Source : Thomson Datastream
 

Japan: The bank of Japan ramps up its support for the economy

Despite the steep depreciation of the Yen since the launch of “Abenomics”(1) ( -18.5% b efore t he l atest announcement) and positive inflation (2.9% in October), the Japanese economy remains fragile and has failed to gain momentum since the VAT rate hike. At the end of October, in order to prevent inflation expectations falling back to lower levels, the BoJ announced it was stepping up its asset purchases. A few days later, the government announced it was postponing the next VAT hike from October 2015 to April 2017. With this postponement, activity should pick up again in 2015, with GDP expected to increase nearly 1.5%.

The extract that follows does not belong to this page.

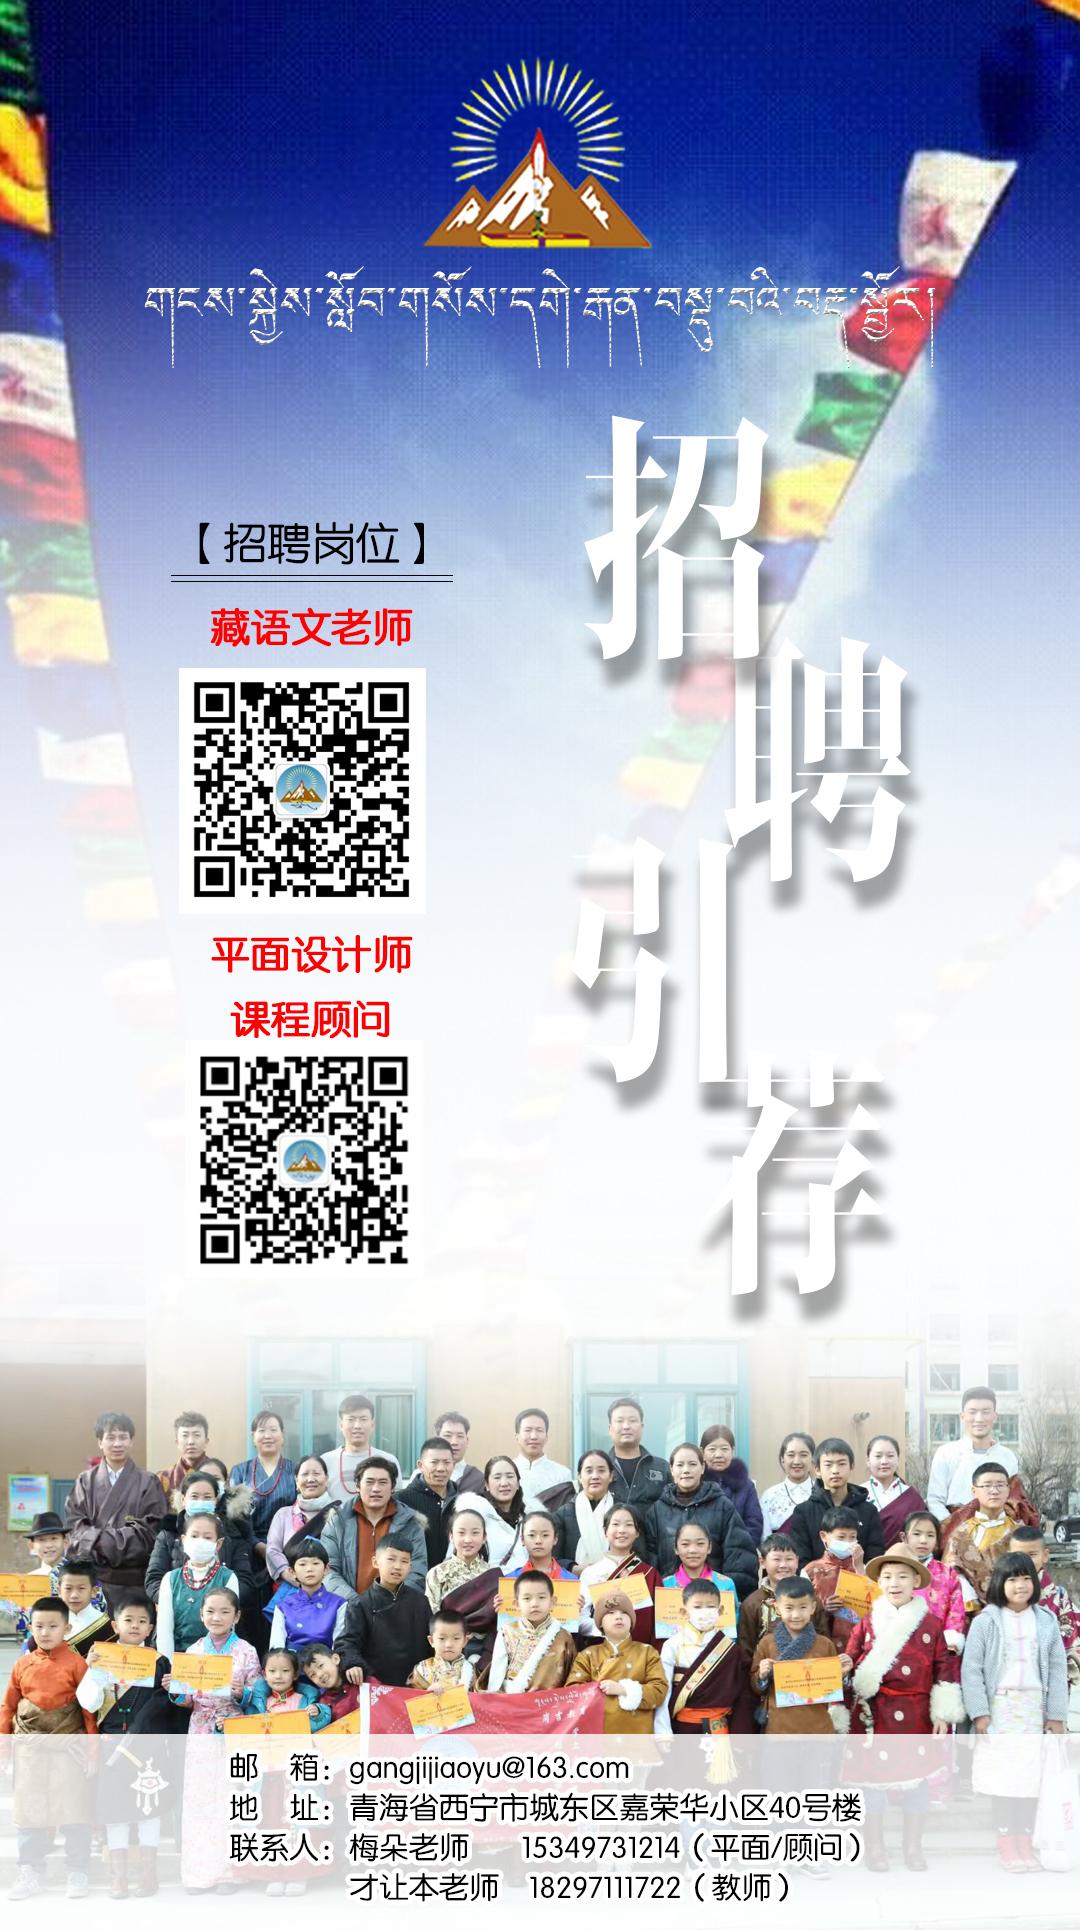 微信图片_20210318101557.jpg

Sources : Thomson Datastream
 

Euro Zone: Stuck in bottom gear

As the Japanese economy struggles to get out of deflation, the euro zone is struggling not to slide into deflation. After bouncing back in the second half of 2013, activity began slowing in the second quarter of 2014. Fiscal policies stopped curbing domestic demand in 2014. However the Ukrainian conflict and relatively weak activity in other emerging countries have weighed on exports. More importantly, activity has continued to stagnate in France and contract in Italy despite efforts to adjust the pace of fiscal rebalancing. Faced with persistently low inflation, the ECB decided to ramp up its stimulus measures. By first announcing the implementation of targeted LTROs, followed by the establishment of an ABS and covered bond buying programme, it has clearly opted for quantitative easing. At the meeting of the Governing Council in December, Mario Draghi also affirmed the ECB’s intention to increase its balance-sheet size by €1,000 billion... and raised the possibility of buying government debt securities. While the direct impacts of these actions appear to be modest, their mere announcement nevertheless sparked a significant depreciation in the euro. With domestic demand expected to remain lacklustre despite virtually no fiscal restriction in 2015, this support comes at the right moment. After all, private-sector spending should continue to suffer from continued household deleveraging and the adjustment of wage costs in certain countries. In 2015, growth should nevertheless accelerate just above 1%, thanks in large part to the support provided by the euro depreciation. But inflation will remain low and the euro zone vulnerable to any shock ...


Sources : Eurostat, European Commission, Candriam

 

(1)Name given to the strategy adopted by Prime Minister Shinzo Abe when he returned to power in December 2012. It consists of a combination of an expansionary monetary policy, an equally expansionary short-term fiscal policy (and a commitment to rebalance the budget in the medium term) and a series of structural reforms.